This article will prove the number of concepts:
Thus, a virtual machine with four 3T disks assigned to it was created. This will simulate the creation of a homebrew NAS. The number of disks can be any more than two. I like RedHat, so Fedora (25 version is the latest stable version at this time) will be used in POC
If you repeat this POC with KVM, then use VIRTIO disks, not SCSI (I had a problem with booting from another disk other than the first SCSI).

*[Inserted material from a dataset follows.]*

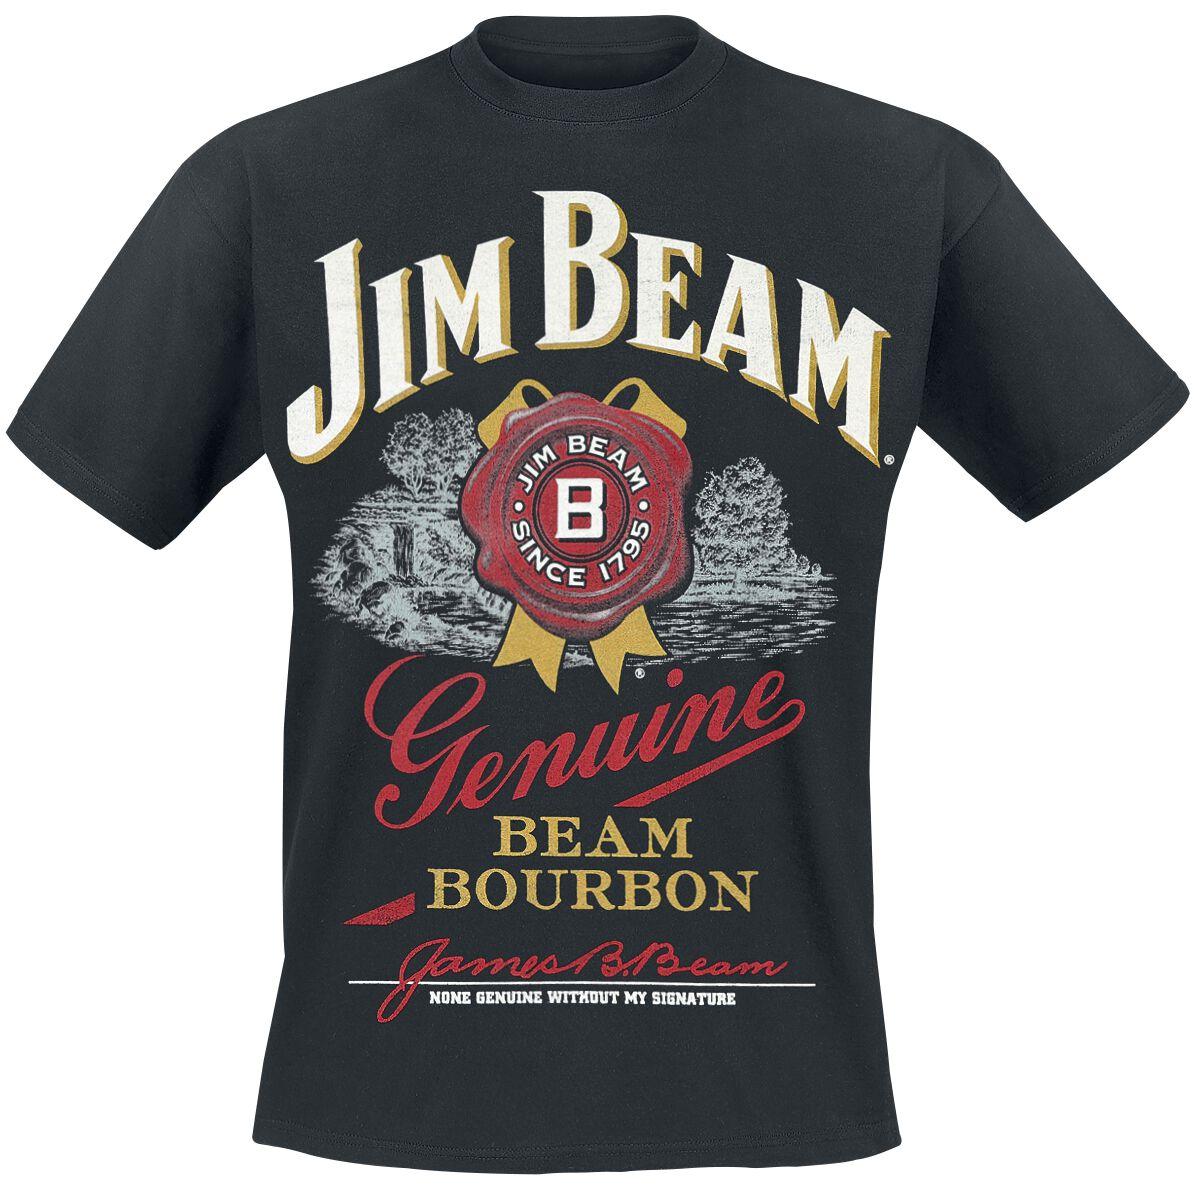 jim beam genuine beam bourbon t shirt schwarz ebay. Black Bedroom Furniture Sets. Home Design Ideas
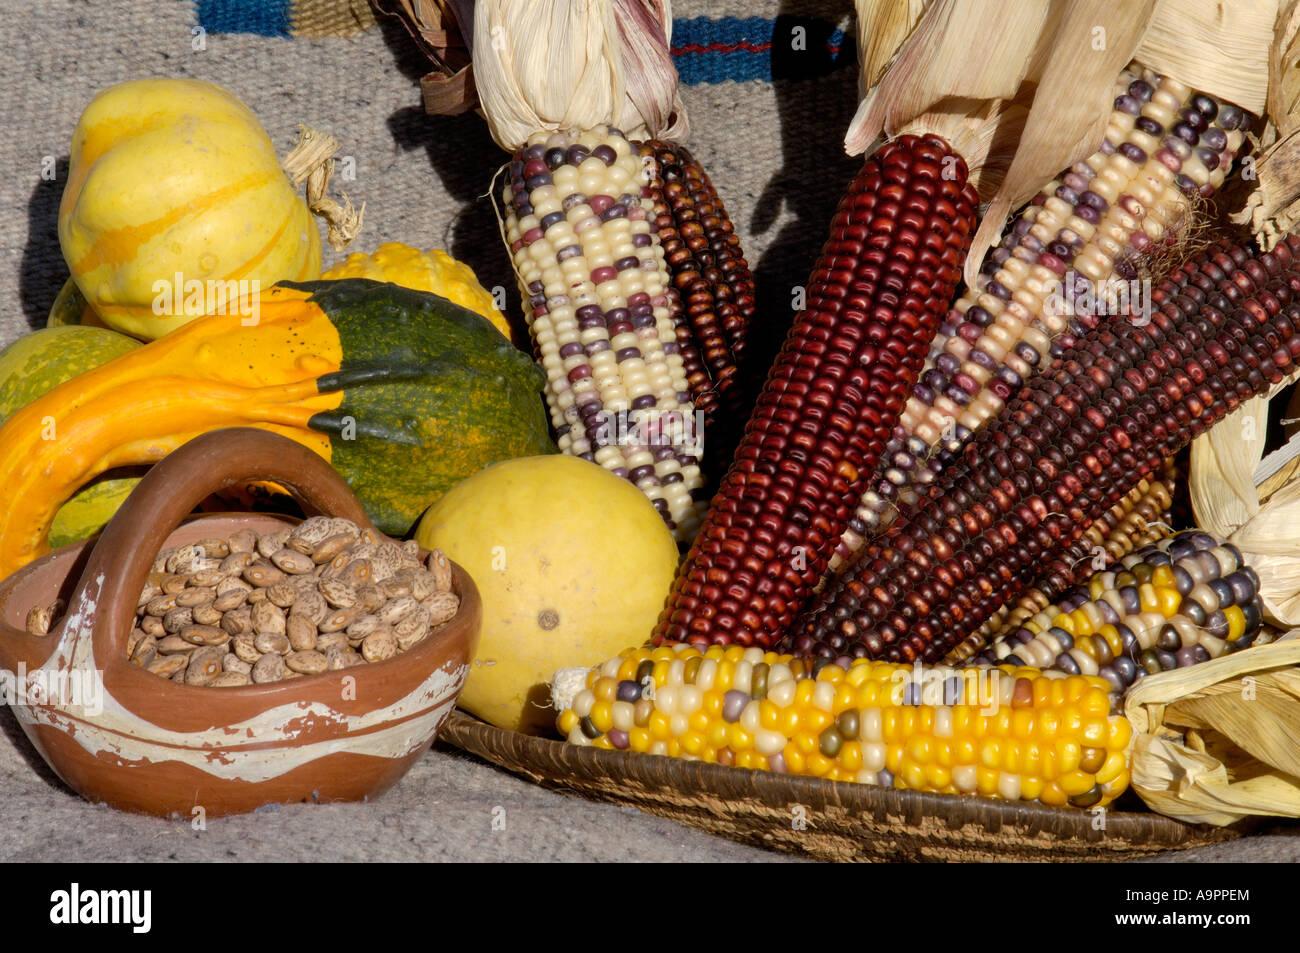 Image Result For American Corn Farm

When installing, select only one (first, vda) disk and select I will configure partitioning. The Done. In a new window, select the LVM schema and click Click here to create them automatically. For you, several partitions and logical volumes have been created. Remove /home, /boot and change the size of the root LV to be 3G (we will install the minimum OS). The final configuration will include:
Click Done, Accept Changes. At software selection, choose Minimal Install and Done. Begin Installation. When installing, set the root password.
Login to new system:
[root@lvmraid ~]# parted /dev/vda print Model: QEMU QEMU HARDDISK (virtblk) Disk /dev/vda: 3299GB Sector size (logical/physical): 512B/512B Partition Table: gpt Disk Flags: pmbr_boot Number Start End Size File system Name Flags 1 1049kB 2097kB 1049kB bios_grub 2 2097kB 5467MB 5465MB lvm
As you can see, there is no separate /boot partition, but the system boots without problems. Open the /boot/grub2/grub.cfg file to understand what is happening. Let's look at it (the lines are wrapped to fit on the screen):
menuentry 'Fedora (4.11.5-200.fc25.x86_64) 25 (Twenty Five)' --class fedora --class gnu-linux --class gnu --class os --unrestricted $menuentry_id_option 'gnulinux-4.11.5-200.fc25.x86_64-advanced-8a988bbc-ae0c-4031-b494-47ec547fccde' { load_video set gfxpayload=keep insmod gzio insmod part_gpt insmod lvm insmod xfs set root='lvmid/tdBs7T-BM2b-A1e1-6hBU-f2ta-deYo-pTJxzB/ejNHG1-VyOb-JKtz-lBCF-BdJs-8jej-tRs4ce' if [ x$feature_platform_search_hint = xy ]; then search --no-floppy --fs-uuid --set=root --hint='lvmid/tdBs7T-BM2b-A1e1-6hBU-f2ta-deYo-pTJxzB/ejNHG1-VyOb-JKtz-lBCF-BdJs-8jej-tRs4ce' 8a988bbc-ae0c-4031-b494-47ec547fccde else search --no-floppy --fs-uuid --set=root 8a988bbc-ae0c-4031-b494-47ec547fccde fi linux16 /boot/vmlinuz-4.11.5-200.fc25.x86_64 root=/dev/mapper/fedora-root ro rd.lvm.lv=fedora/root rd.lvm.lv=fedora/swap rhgb quiet LANG=en_US.UTF-8 initrd16 /boot/initramfs-4.11.5-200.fc25.x86_64.img }
The brown colored entry is file system's UUID, blue entry is VG UUID and green entry is LV UUID. The GRUB2 will search for FS UUID that resides in LV UUID in VG UUID.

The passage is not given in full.